I received an email from a friend of mine in the Bentley Drivers Club and as we are not able to use our cars at the moment, he described a walk taken in the countryside together with a portion of the wonderful Robert Browning poem Home Thoughts from Abroad, (with its often miss quoted first line!) which I think summed up the spirit needed to get us through the current situation, I hope you enjoy his letter.
Hi Joe
Hope you like this musings from a 87 year old window cleaner down to just one Bentley. Please feel free to send it on if it stirs you.
Roy
Since the lock down Margaret and I have been taking the opportunity to explore the wonderful surrounding Hertfordshire countryside by walking as far as two oldies can.
Today it was North Mymms Park with its untold acres of Greenfields surrounded by Woods not far removed and untouched since pre Norman times. Numerous coppices and complimented by the pleasure of being able to hear the seemingly inexhaustible rich clear sound of bird song without the noise and fumes of the A1M. Was this really Good Friday 2020?
With this thought, and while taking a moment to rest and trying to maintain this magical moment of tranquillity we noticed the 400-year-old plus North Mymms Tower of St Marys Church peeping through the tops of the trees. On further exploring we noticed the memorial erected in 1920 to all those brave souls who gave their all in the dreadful wars of WW1 and WW2 resisting tyranny and the very reason I am able to write this.

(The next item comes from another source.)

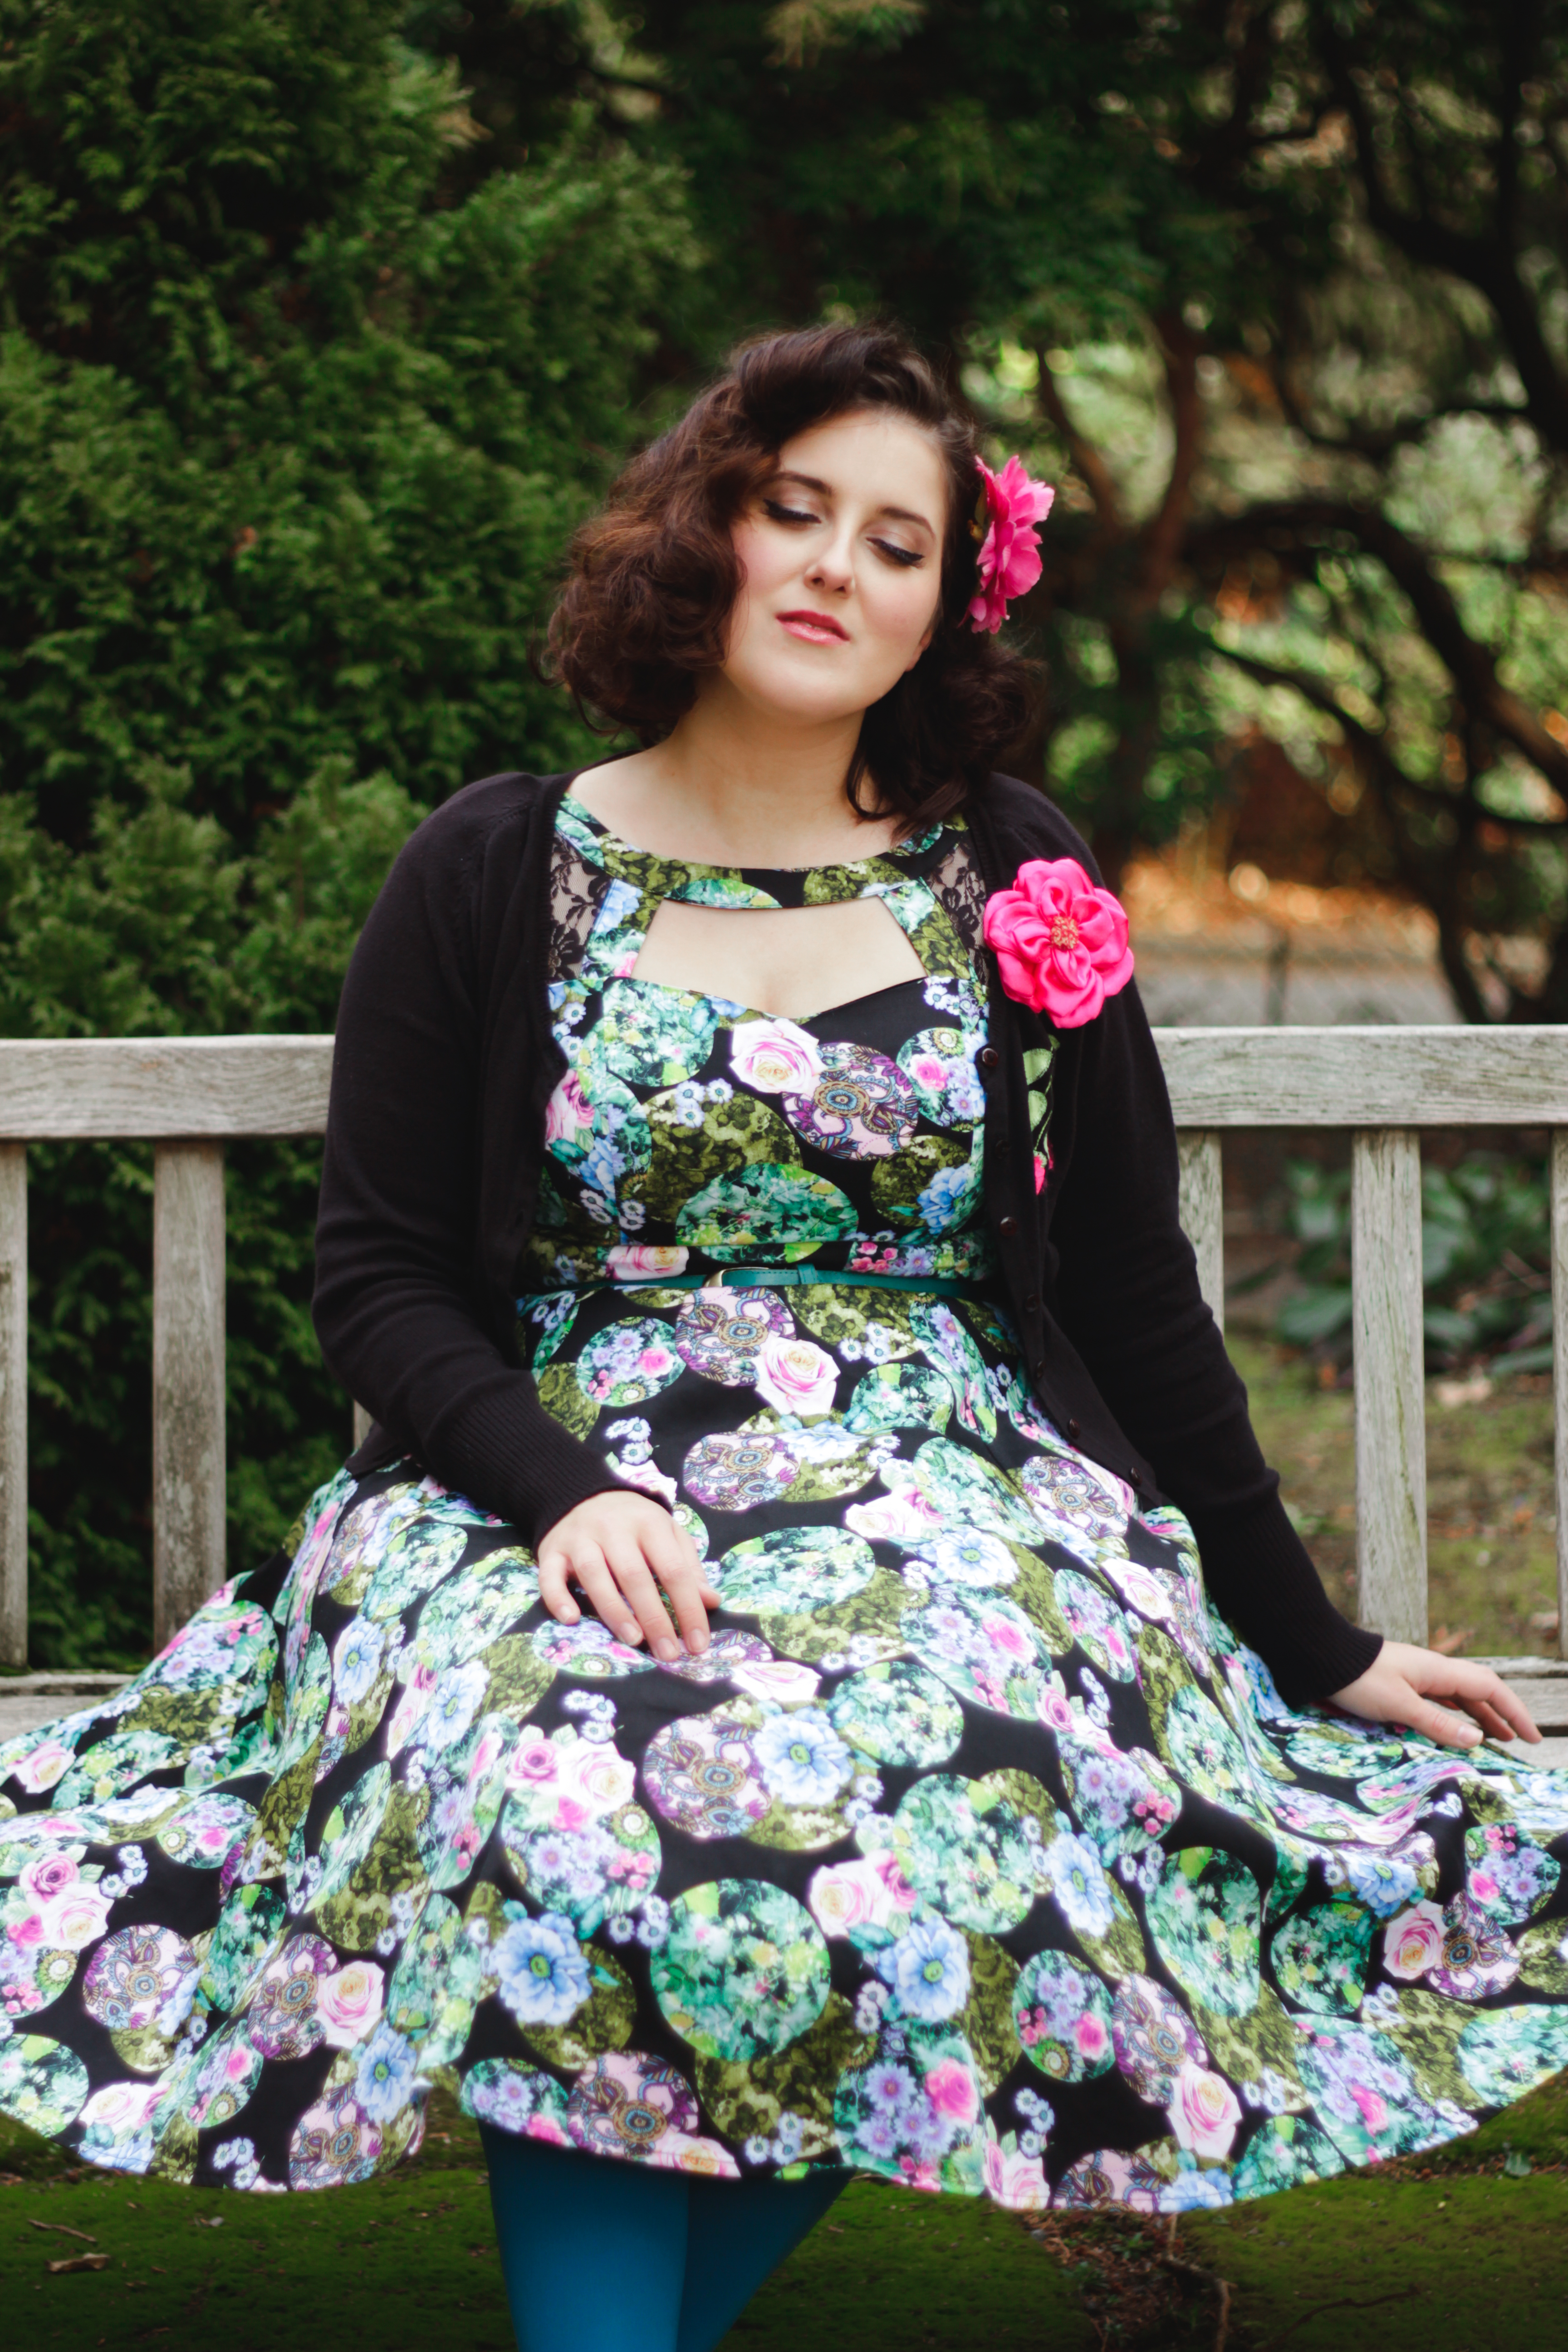 Hearts and Roses of London dress, Flower Cardigan, and the Gardens of ...

Memories of my boyhood of the dark days in Finsbury Park North London and the 40s blitz came hastening back of the time, when just as all seemed hopelessly lost, somewhere in this old brainbox Robert Browning’s epic poem that also sustained fellow countrymen and women in WW1 and WW2 came back.
***Oh, to be in England Now that April’s there, And whoever wakes in England Sees, some morning, unaware, That the lowest boughs and the brushwood sheaf Round the elm-tree bole are in tiny leaf, While the chaffinch sings on the orchard bough In England – now!! ***
This is the England I knew and remembered when we alone stood against Nazi tyranny and so proudly wore our Cubs and Scouts uniforms freely giving our allegiance to the King/Queen.
I have tried to savour and hold on to the moment and record it as very soon we will be back to normal (what is normal) and instants like this will be lost for ever.
Future generations will never know the pride of being English. The World should be on its knee’s thanking this tiny Island, Waterloo 1815, WW1, WW2, alone, we gave our all.
Please Think On This and Thanks for your time
Grumpy, but proud Old Roy
This truly cheered me up. Thank you! I had hoped to be able to reschedule our cancelled March England trip to later this year but I fear that there will be no travel for us in 2020 after all.
I have four trips booked and have cancelled another already, I’m hoping the last one in November might be on but I won’t hold my breath waiting, if not it will make next year all the better when we do get out and about again.
That was so thought provoking, absolutely lovely. Thank you for sharing.